The University of Oviedo (, Asturian: Universidá d'Uviéu) is a public university in Asturias (Spain). It is the only university in the region. It has three campus and research centres, located in Oviedo, Gijón and Mieres.

History
The University of Oviedo was established under the terms and conditions of the will of Archbishop Fernando de Valdés Salas (1483–1568), who was the General Inquisitor under Philip II of Spain, and funded by his estate. In 1574 Pope Gregory XIII granted the papal bull to create the university and in 1604  Philip III issued its charter. It first opened for the teaching of classes on September 21, 1608.

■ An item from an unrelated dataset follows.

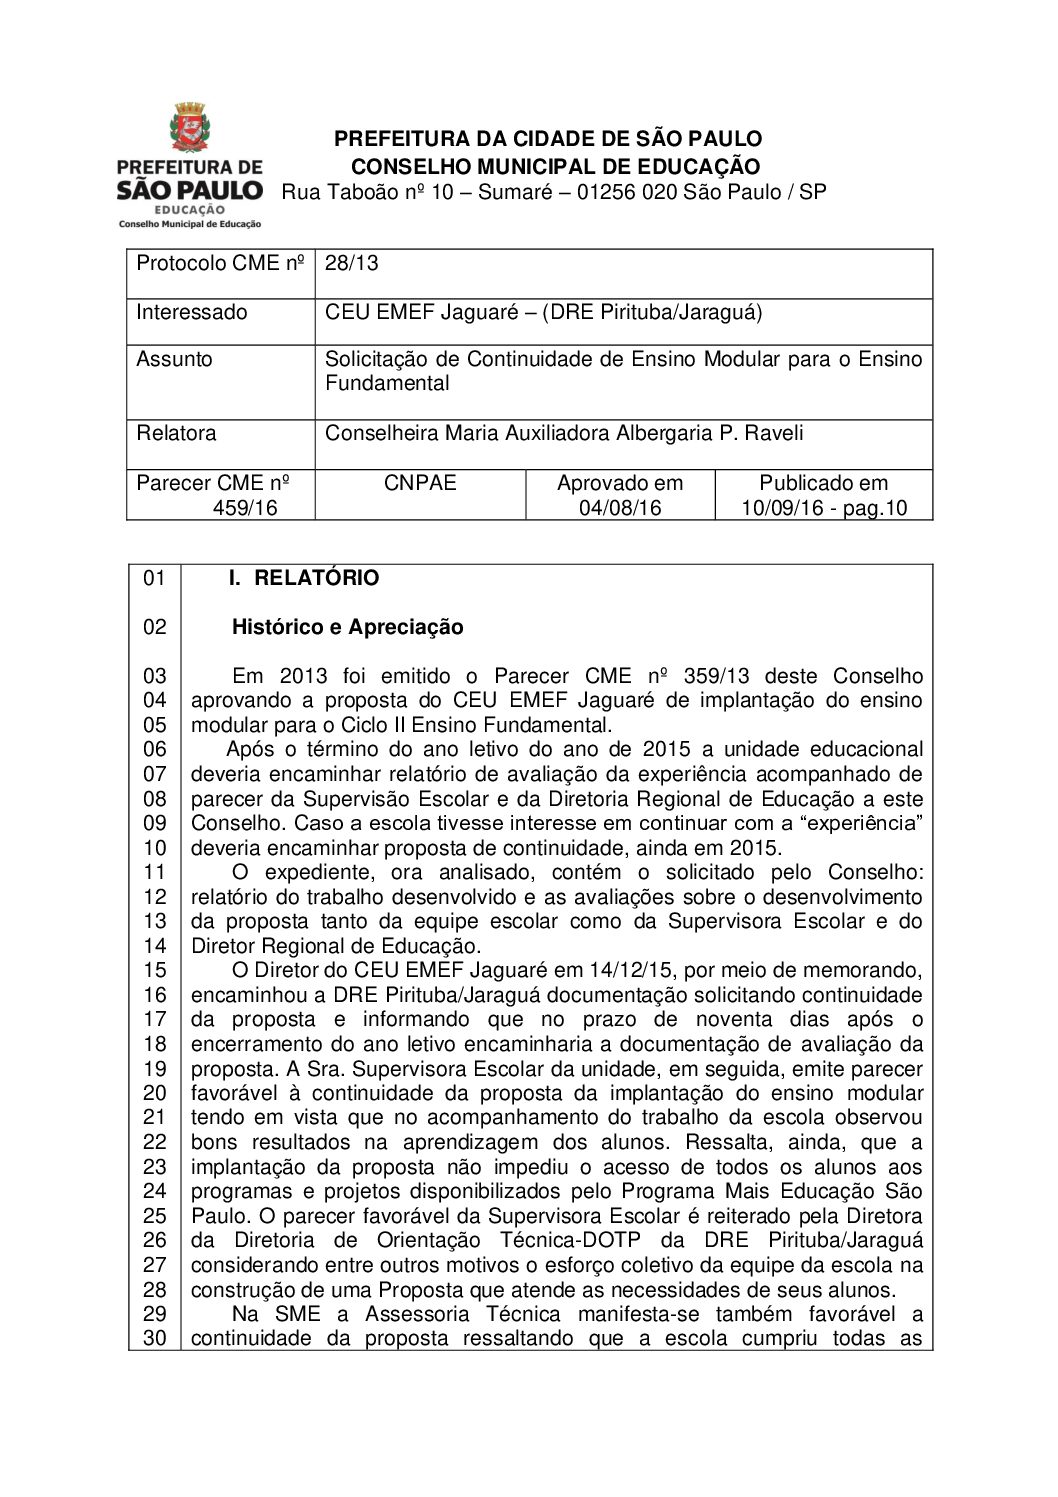 Parecer CME nº 459/2016 - CEU EMEF Jaguaré – (DRE Pirituba/Jaraguá) - Solicitação de Continuidade de Ensino Modular para o Ensino Fundamental 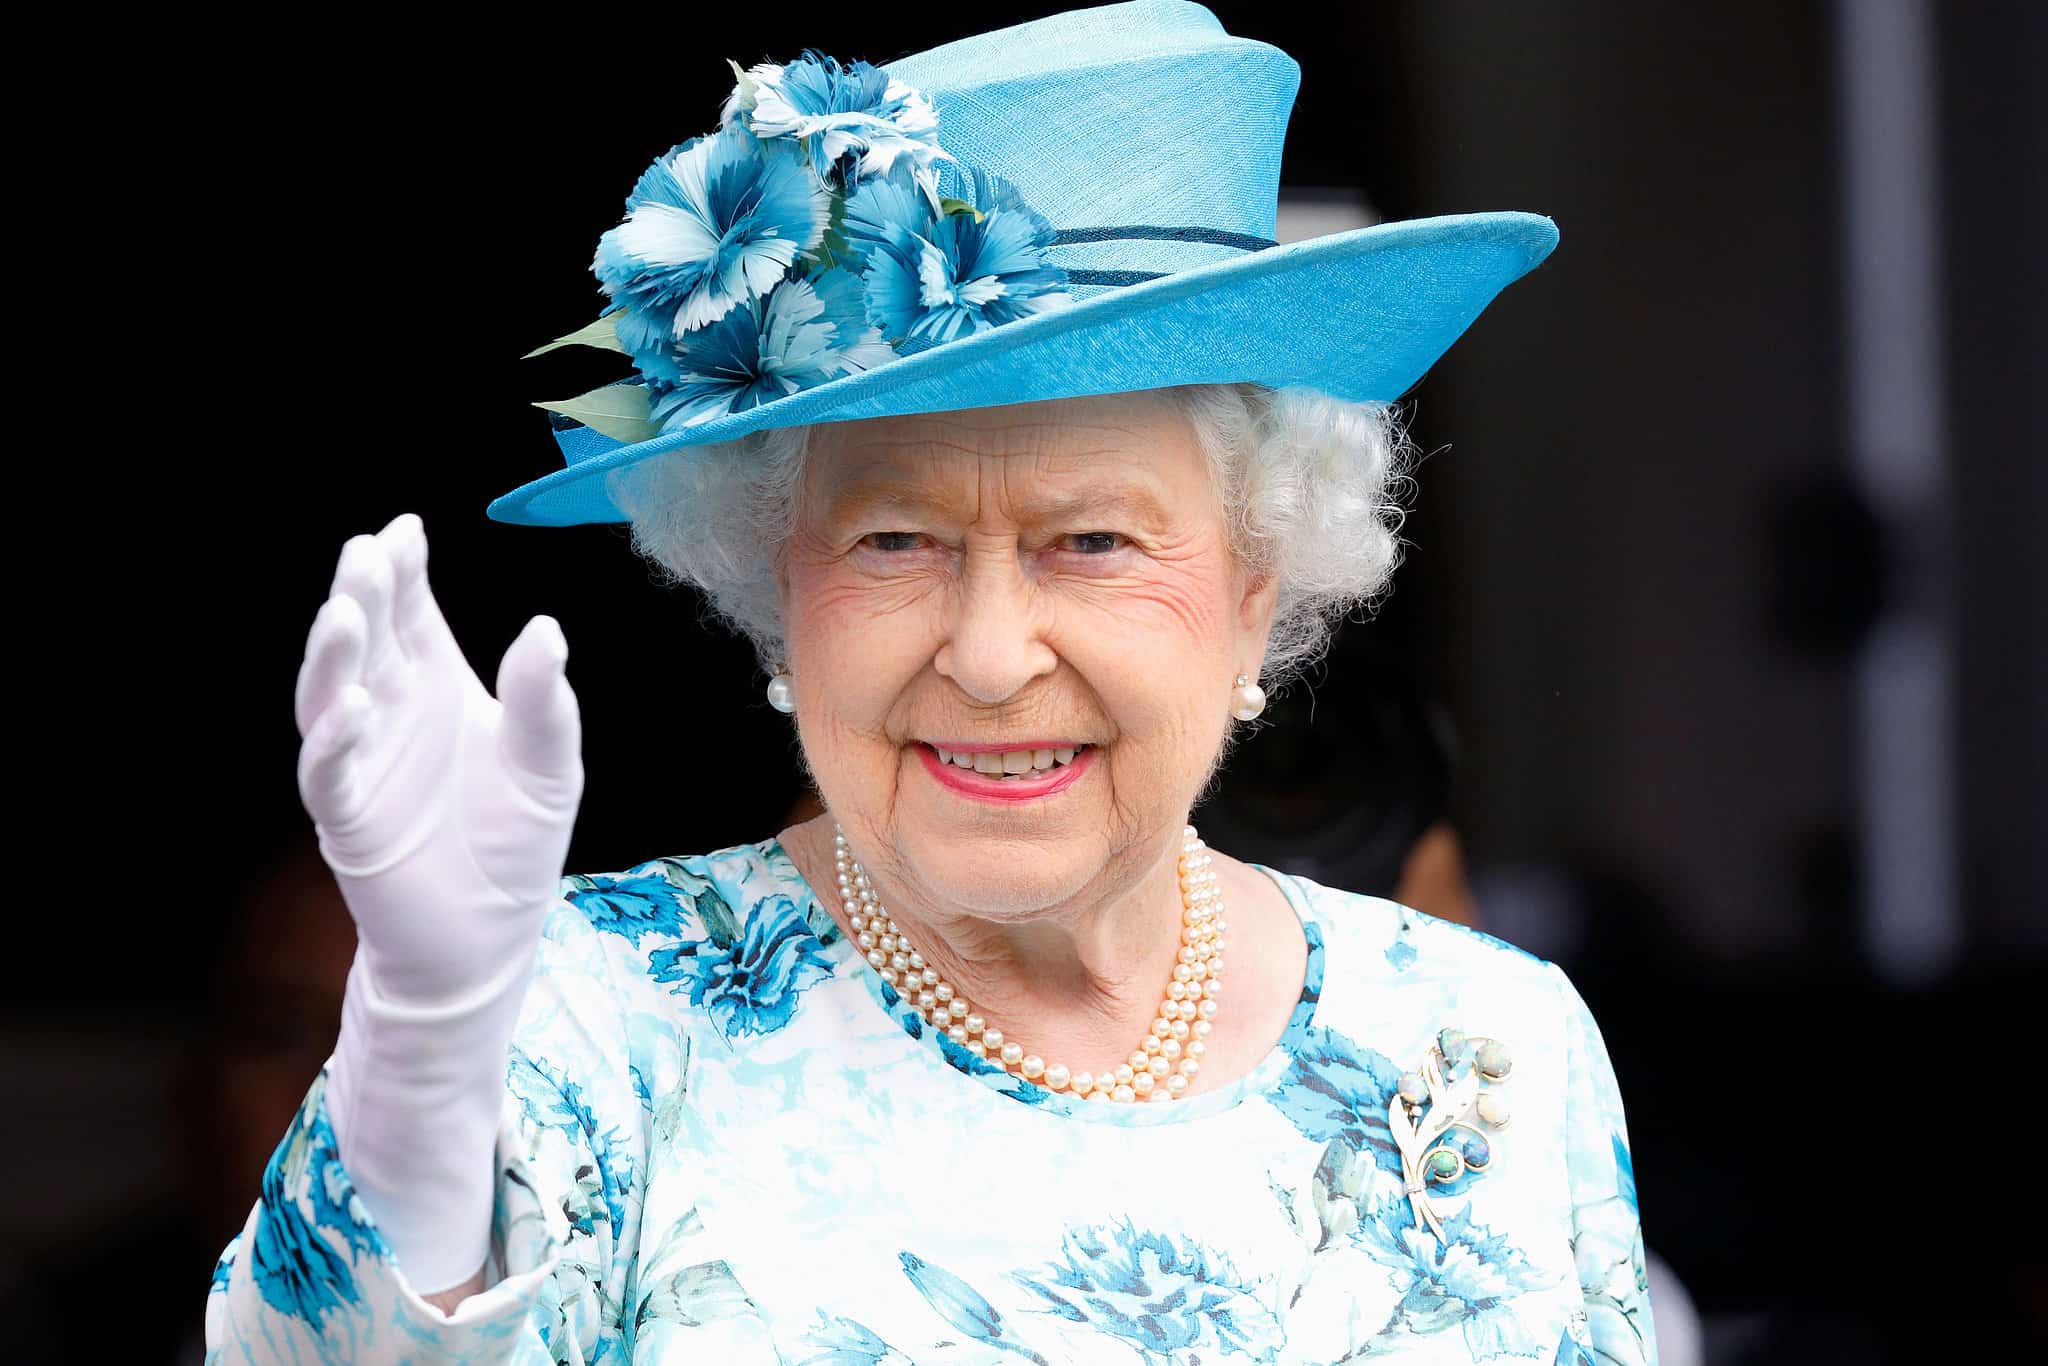 الملكة إليزابيث تطلب مديرا لحساب "تويتر".. تعرف على الشروط والراتب

The ancient university had three faculties: the Faculty of Arts, which every student had to graduate from in order to continue his training in one of the other; and the Faculties of Theology and Law, sometimes known as the higher faculties.

After the French invasion of Spain the Historical Building of the university was occupied by invading troops and lectures were suspended until the War ended in 1812.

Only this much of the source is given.